:: Your goal ::
For the material below, set down exactly the lines between the one containing "Where Fox Amp" and the last line, both included, leaving every picture out.

:: Information shown ::
- - -
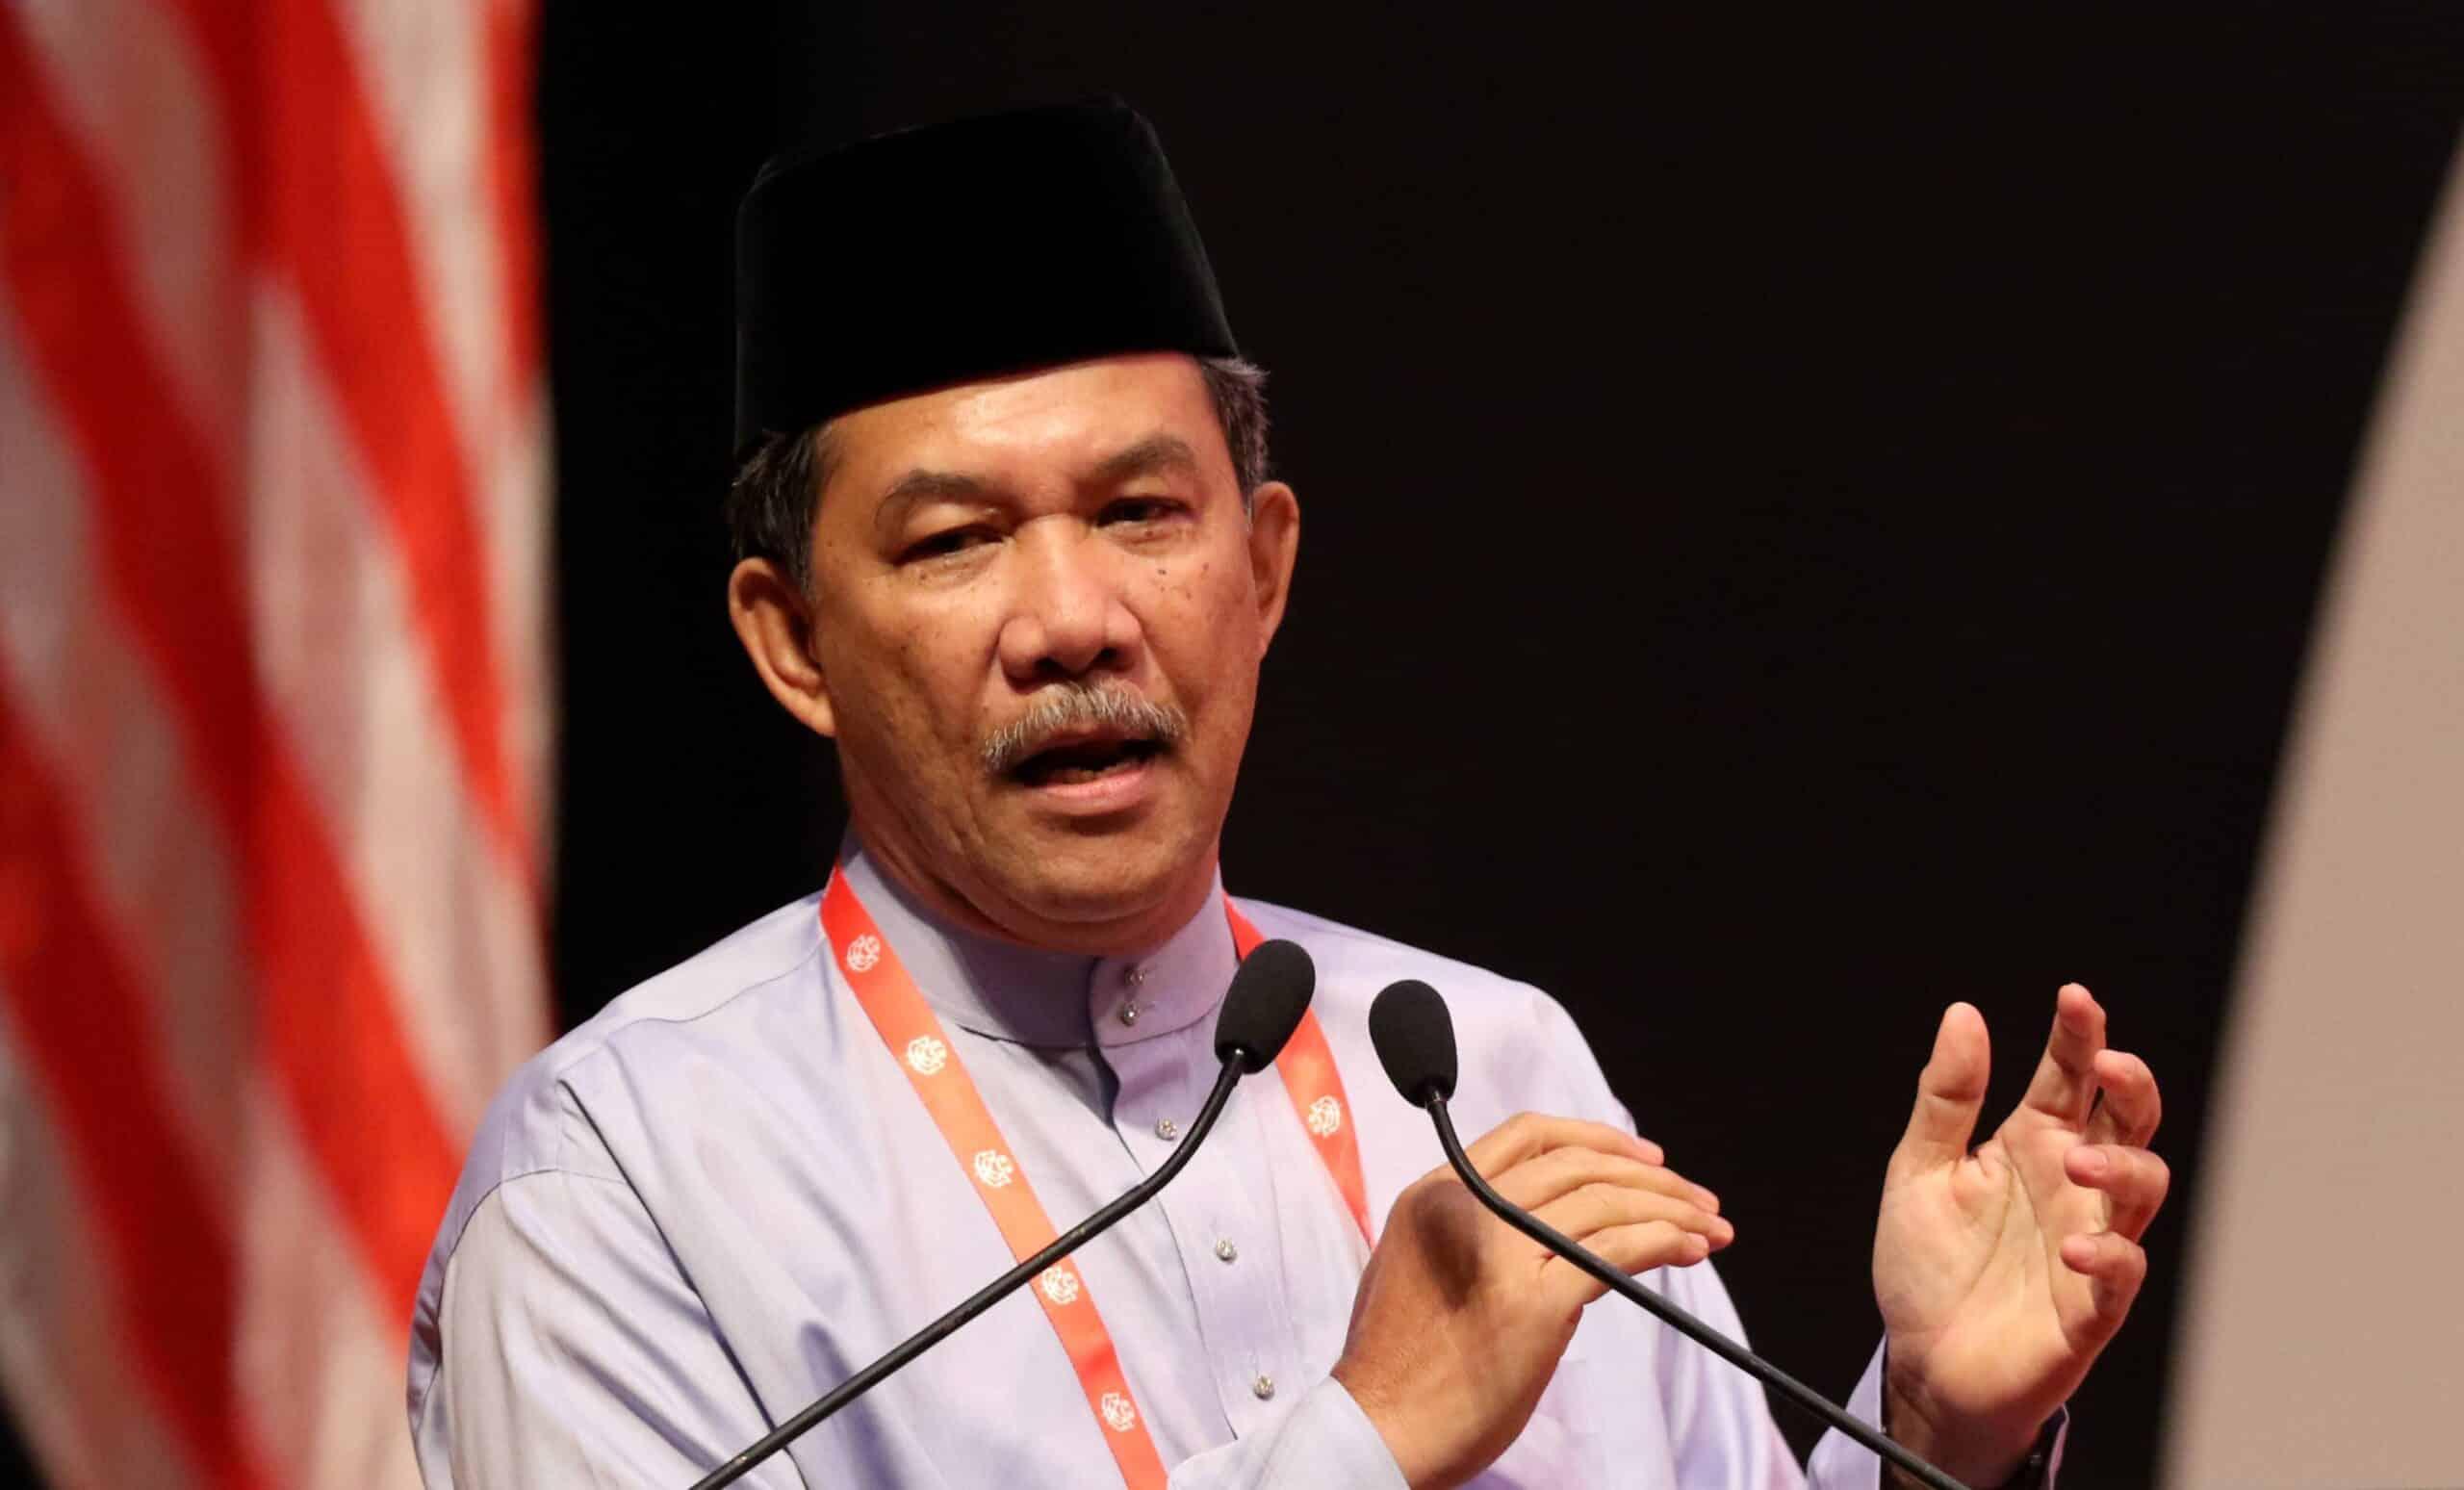 UMNO Diketepikan Dengan Cara Yang Tidak Adil – Mohamad Hasan
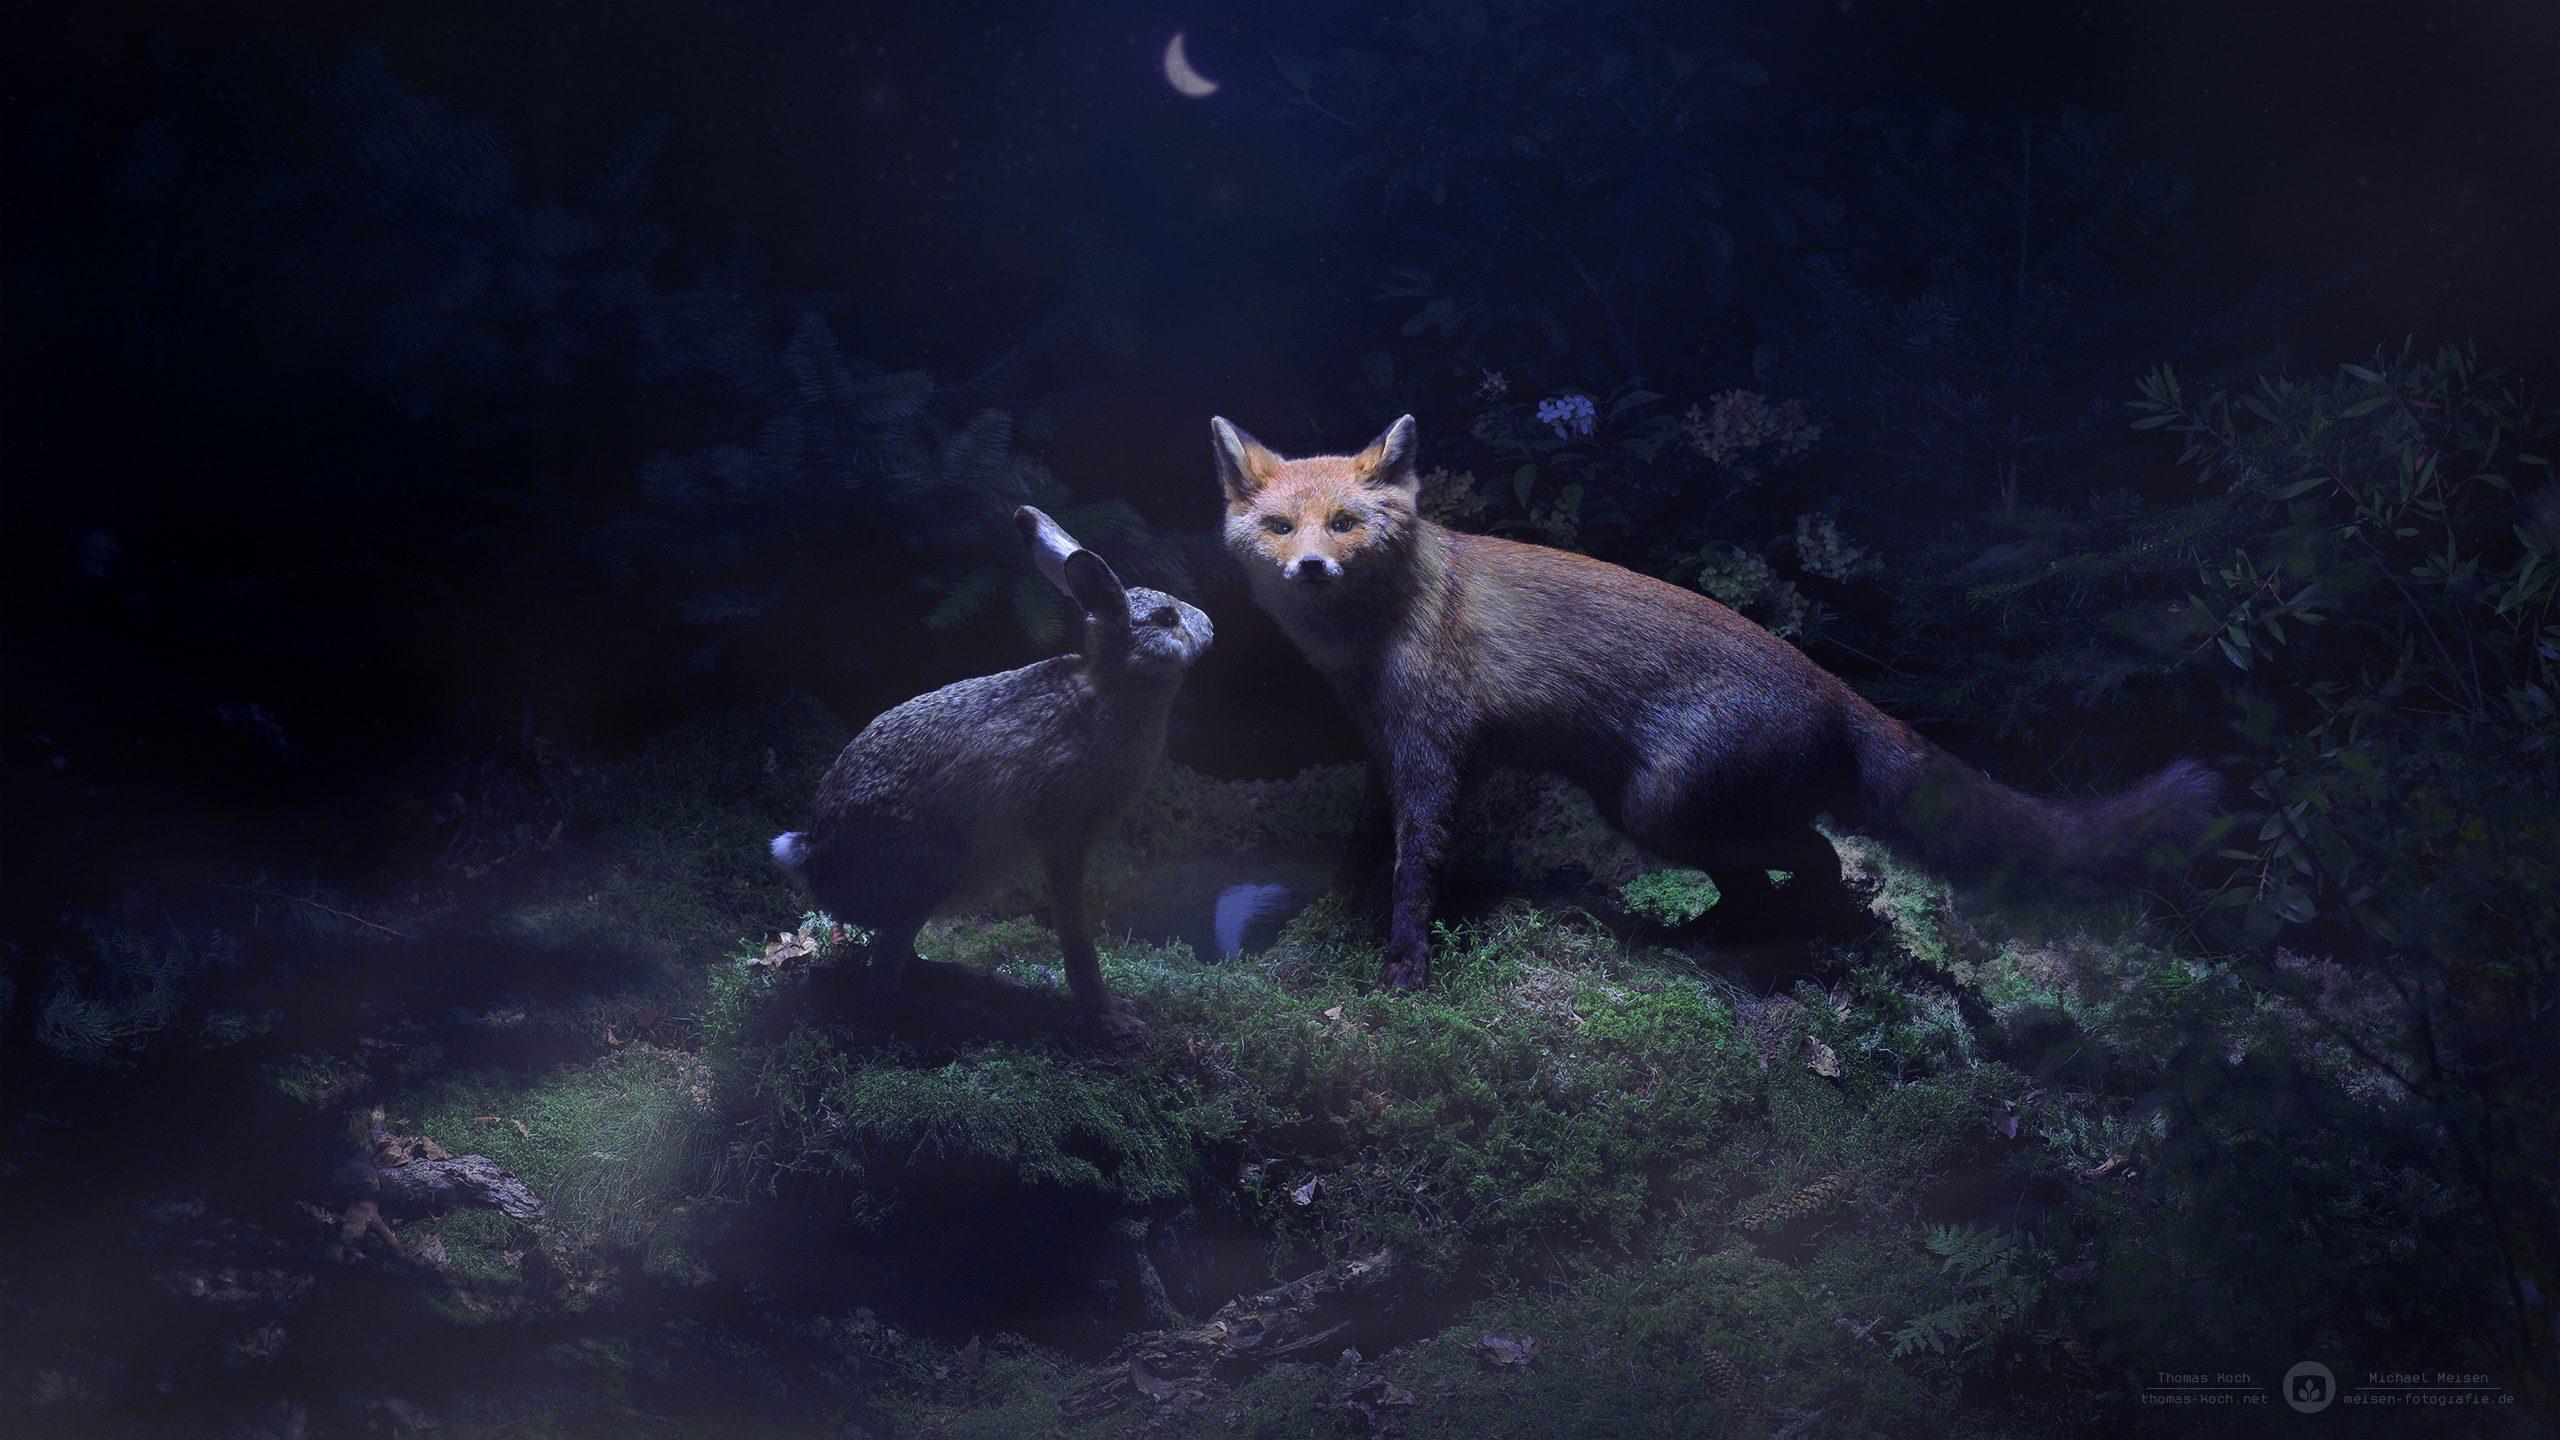 Where Fox Amp Hare Say Goodnight Desktopography
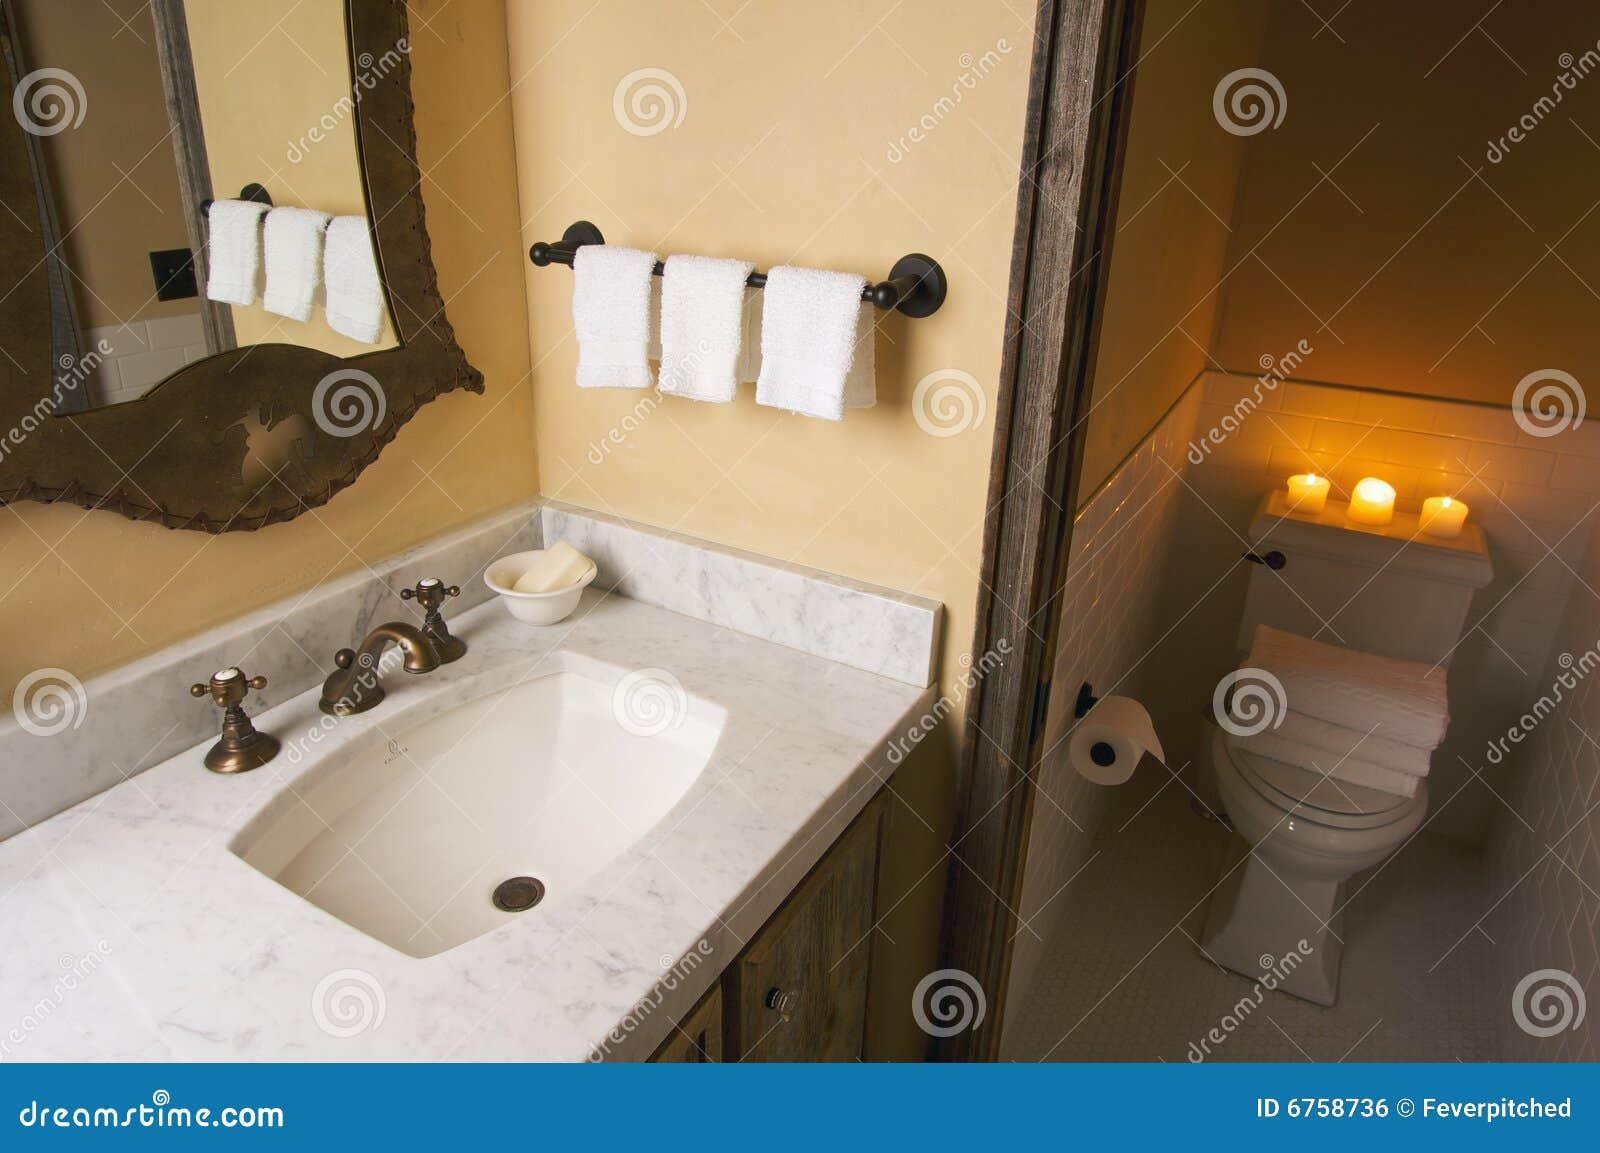 Rustikale badezimmer szene stockfoto bild von keramisch 6758736 - Rustikale badezimmer ...
- - -
:: Answer section ::
 Where Fox Amp Hare Say Goodnight Desktopography
 Rustikale badezimmer szene stockfoto bild von keramisch 6758736 - Rustikale badezimmer ...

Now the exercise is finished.